Countries including the U.S., Japan, and South Korea have called for an emergency meeting of the United Nations Security Council on Monday, Haley said Sunday on Twitter.

Trying to curb North Korea’s nuclear ambitions through military action has a “fairly low” probability of success, said Paal. That sentiment echoes the conclusion of Trump’s former chief strategist, Steve Bannon, who told the American Prospect last month there was “no military solution” for North Korea.

“Until somebody solves the part of the equation that shows me that ten million people in Seoul don’t die in the first 30 minutes from conventional weapons, I don’t know what you’re talking about,” he told the magazine. “They got us.”

The U.S. military has about 28,000 service members stationed across South Korea.

Seoul Pushback

South Korean President Moon Jae-In has also pushed back against the prospect of a U.S. strike. In a speech last month, Moon asserted the right to veto any military action, saying that decision should be made by “ourselves and not by anyone else.” He has also vowed to prevent war at any cost.

Trump, who has recently criticized the U.S. trade deal with South Korea, voiced frustration with Moon on Twitter on Sunday.

“South Korea is finding, as I have told them, that their talk of appeasement with North Korea will not work, they only understand one thing!” Trump said.

While Trump has floated the idea of an all-out trade embargo against China, several top Republicans in Congress are pushing for a more realistic set of sanctions that would crack down on countries doing business with North Korea. China provides North Korea with most of its energy supplies and accounts for upwards of 90 percent of North Korea’s total trade volume.

Options include sanctions cutting off some Chinese banks from the U.S. financial system and an economic blockade targeting oil shipments to North Korea.

‘Unacceptable Behavior’

“I am going to draft a sanctions package to send to the president for his strong consideration that anybody that wants to do trade or business with them would be prevented from doing trade or business with us,” Mnuchin said on “Fox News Sunday.” “People need to cut off North Korea economically. This is unacceptable behavior.”

After sanctioning a small Chinese bank in June, Mnuchin said the U.S. would be willing to penalize other banks providing “illicit funding” to North Korea.

Still, such “secondary sanctions” against China could backfire, both harming the U.S. economy and potentially undermining ties, said Dursun Peksen, who teaches political science at the University of Memphis and has written extensively on economic sanctions.

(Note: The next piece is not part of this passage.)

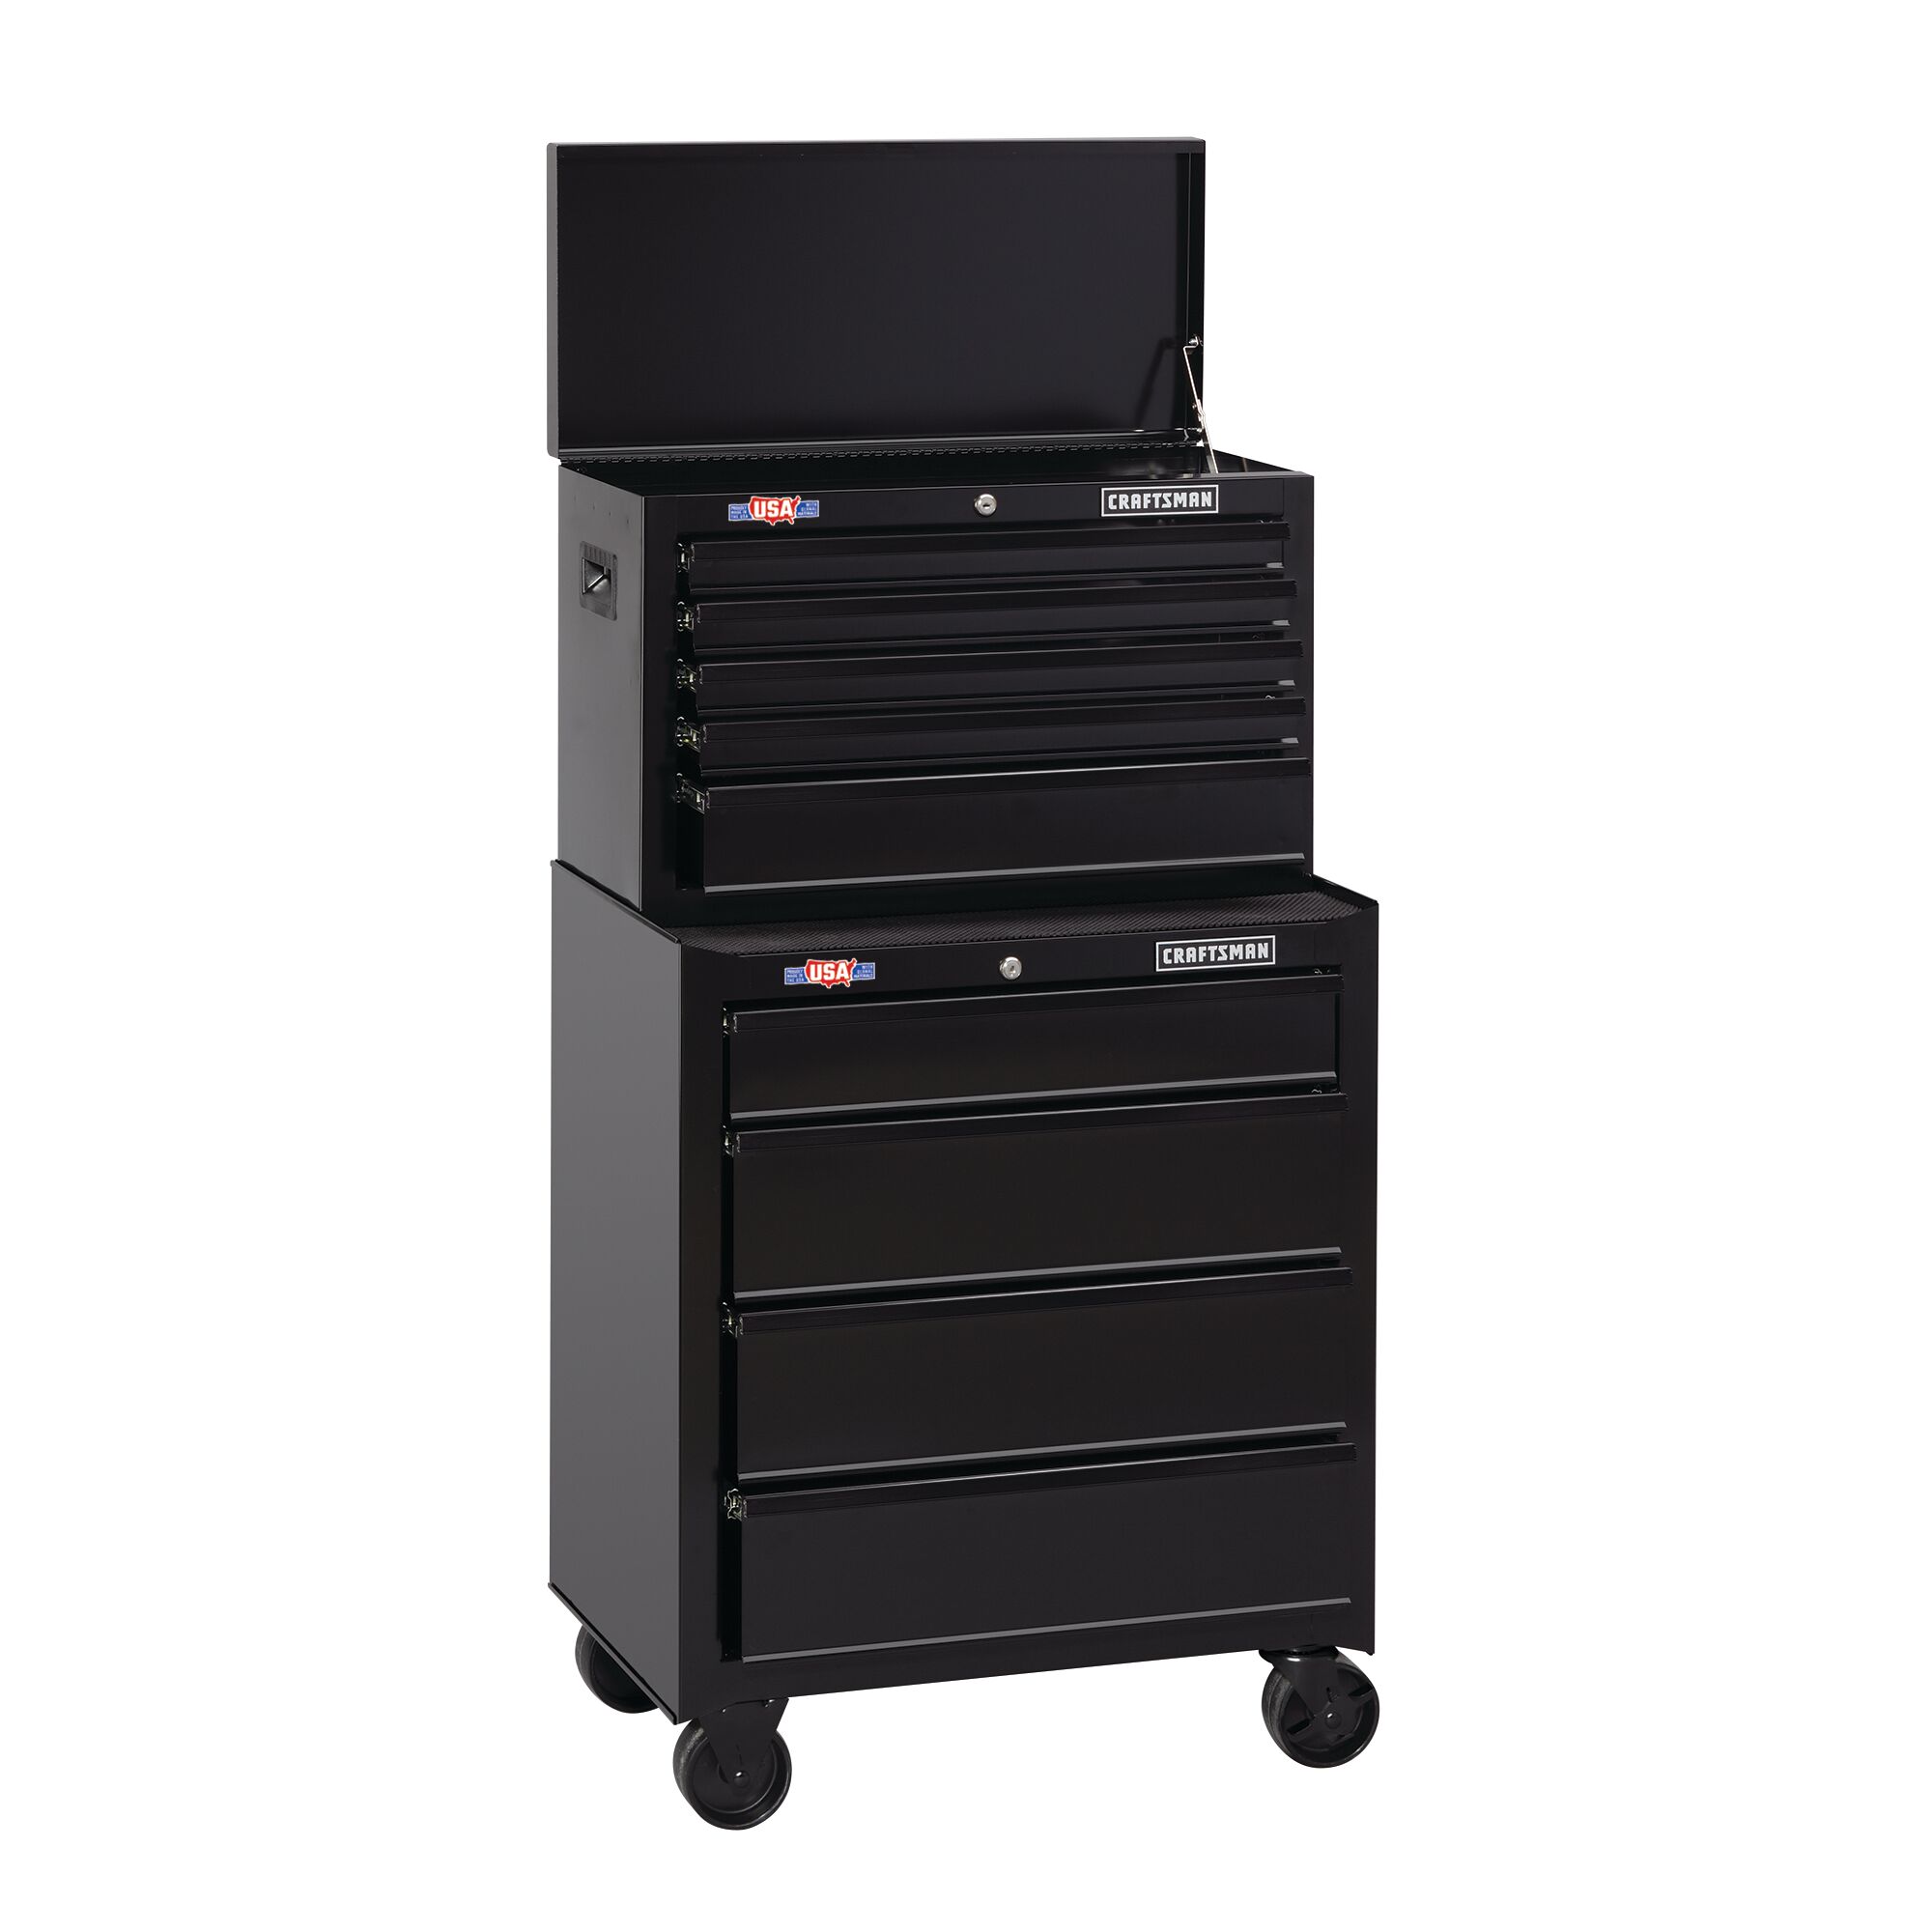 Compatible tool chest / box stacked on top of 1000 Series 27 inch wide 4 drawer rolling tool cabinet.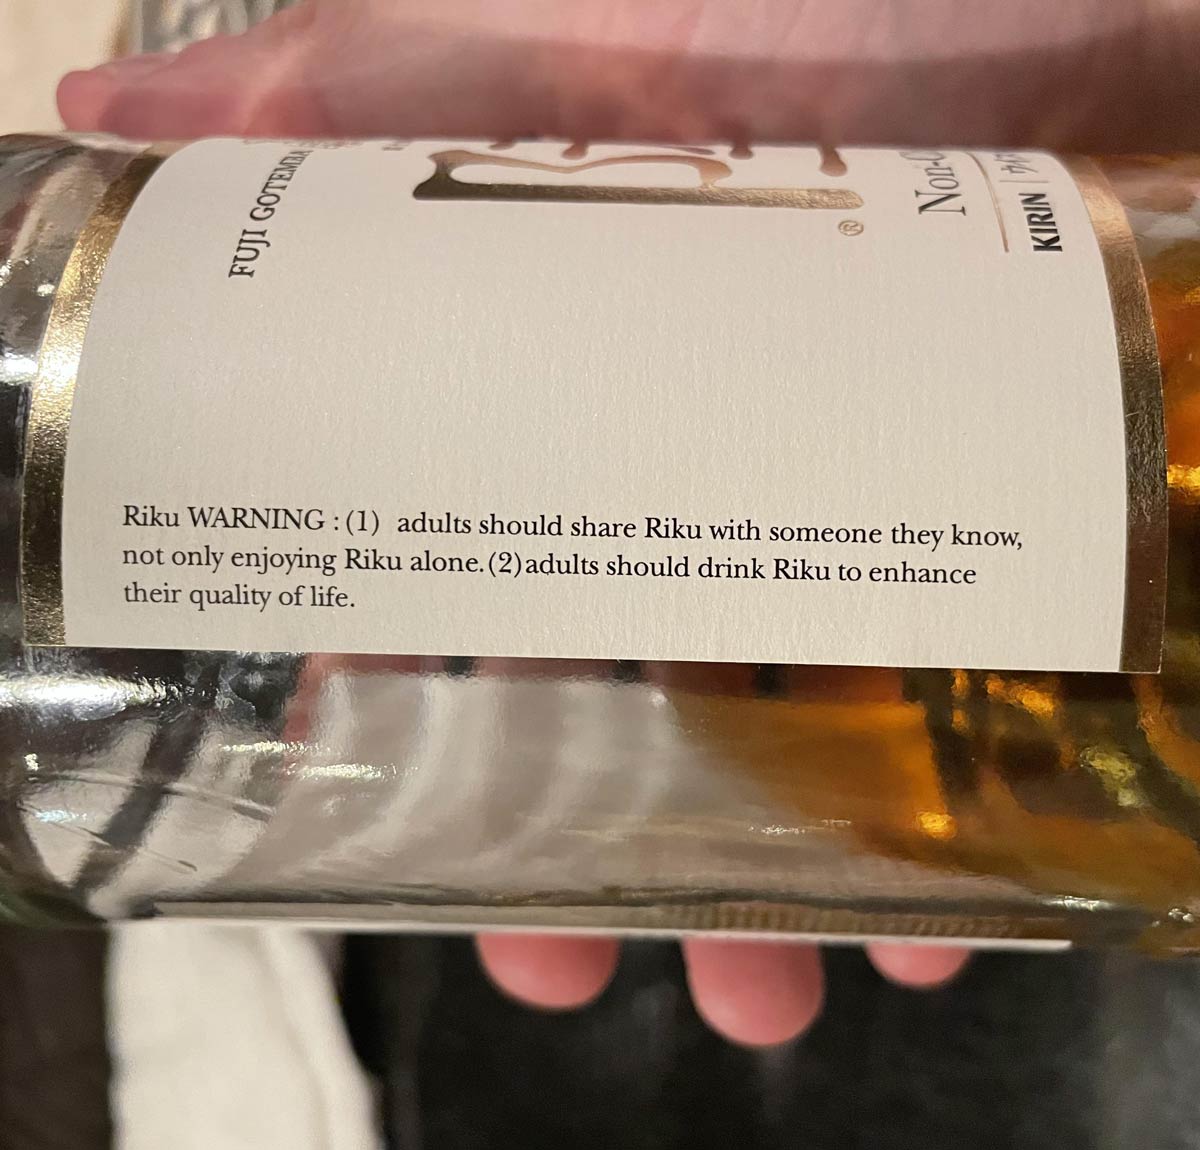 Warning on a bottle of whiskey

“Given the size of its economy and involvement in the global economy, China is not a country that would easily give in to the threats of comprehensive economic sanctions,” Peksen said.

China was the top U.S. trading partner last year, with the two nations having a combined $579 billion in commerce, according to U.S. Census data.

Seeking new trade-based sanctions may be about the only non-defense form of punishment left as other penalties haven’t worked, said Mark Dubowitz, chief executive of the Foundation for Defense of Democracies, a think tank that tracks national security issues.

The best approach, Dubowitz said, would be to bar any companies or financial institutions that do business with North Korea from doing trade with the U.S. or using the U.S. dollar.

“Chinese companies would have to make a decision: Do they want to work in a $19 trillion U.S. market, or a puny North Korean market?” he said.

North Korea’s action came despite a series of recent actions by the U.S. and the UN Security Council. Trump signed into law legislation approved in Congress in late July that contained further economic penalties, and the UN on Aug. 5 imposed what it called the “most stringent” sanctions yet. Those measures, which came in response to Pyongyang’s testing of two intercontinental ballistic missiles in July, would ban exports of coal, iron, lead and seafood.

Some members of Congress are already pushing for stronger penalties after Sunday’s nuclear test.

“Working with our allies, especially South Korea and Japan, we must apply maximum financial and diplomatic pressure,” Ed Royce, Republican chairman of the House Foreign Affairs committee, said in a statement. “That includes targeting more Chinese banks that do business with North Korea -- with or without Beijing’s cooperation.”